Le taux des crédits à l’habitat
s’est en effet tout d’abord
stabilisé en 2005 et n’a quasiment
pas cessé de monter depuis début
2006. La demande des ménages en a
été freinée, et ce d’autant plus que
le niveau élevé des prix de
l’immobilier nécessite un recours
important au crédit et peut de
surcroît avoir fini par provoquer un
retournement des anticipations.
La crise financière,
en poussant les banques à devenir
plus restrictives dans l’octroi du
crédit peut avoir renforcé ce
mouvement. Le ralentissement du
pouvoir d’achat du revenu cette
année devrait également contribuer à
l’amplifier.
L’investissement en logement des
ménages reculerait
L’investissement des ménages
reculerait dès le deuxième trimestre
après avoir stagné au premier.
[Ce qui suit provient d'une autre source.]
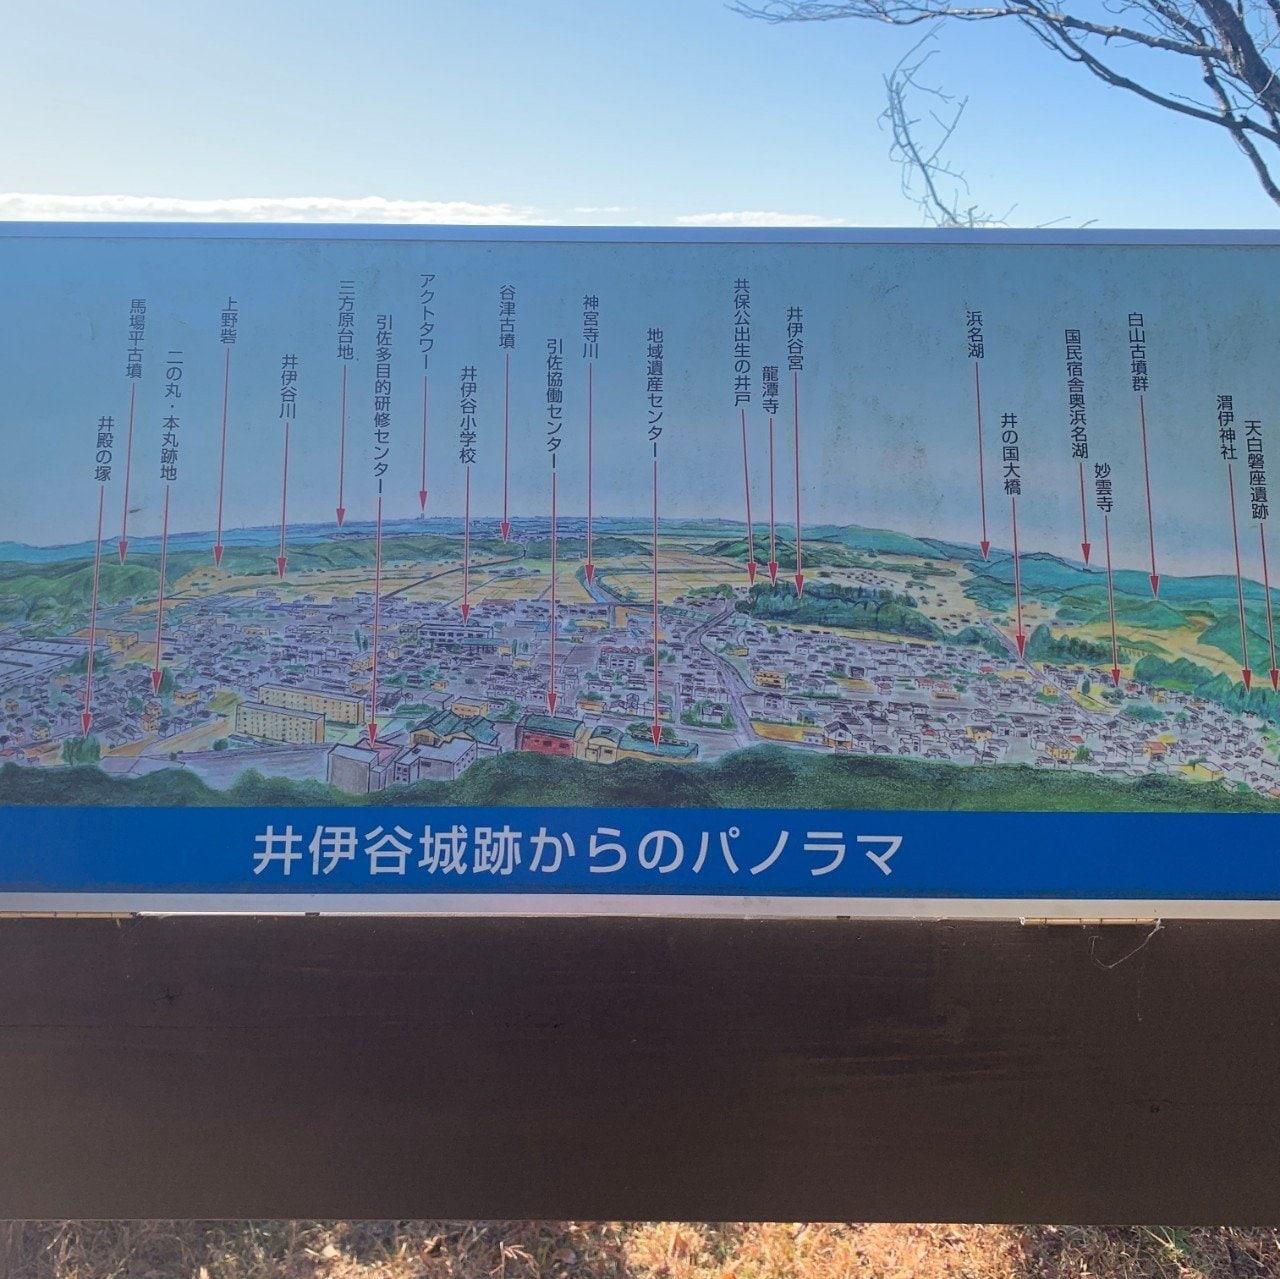 井伊谷城跡展望台(いいのやじょうあとてんぼうだい)/✿桜の名所!北区直虎ビューポイント♪/いなさマップ「H」のイメージその1

Les
données concernant les mises en
chantier sont certes fragiles en
raison d’un changement de méthode de
collecte, mais leur recul est si
marqué que sa réalité paraît assurée
; en outre, les stocks de logements
neufs invendus ont dépassé leur pic
de 1992 et le nombre de transactions
s’est franchement affaissé depuis la
fin de 2007 ; enfin, les prix
immobiliers semblent plafonner et
les taux des crédits immobiliers ont
légèrement augmenté depuis l’été
dernier. Le retournement de
l’investissement en logement des
ménages est désormais engagé en
France, même si une incertitude
demeure quant à son ampleur.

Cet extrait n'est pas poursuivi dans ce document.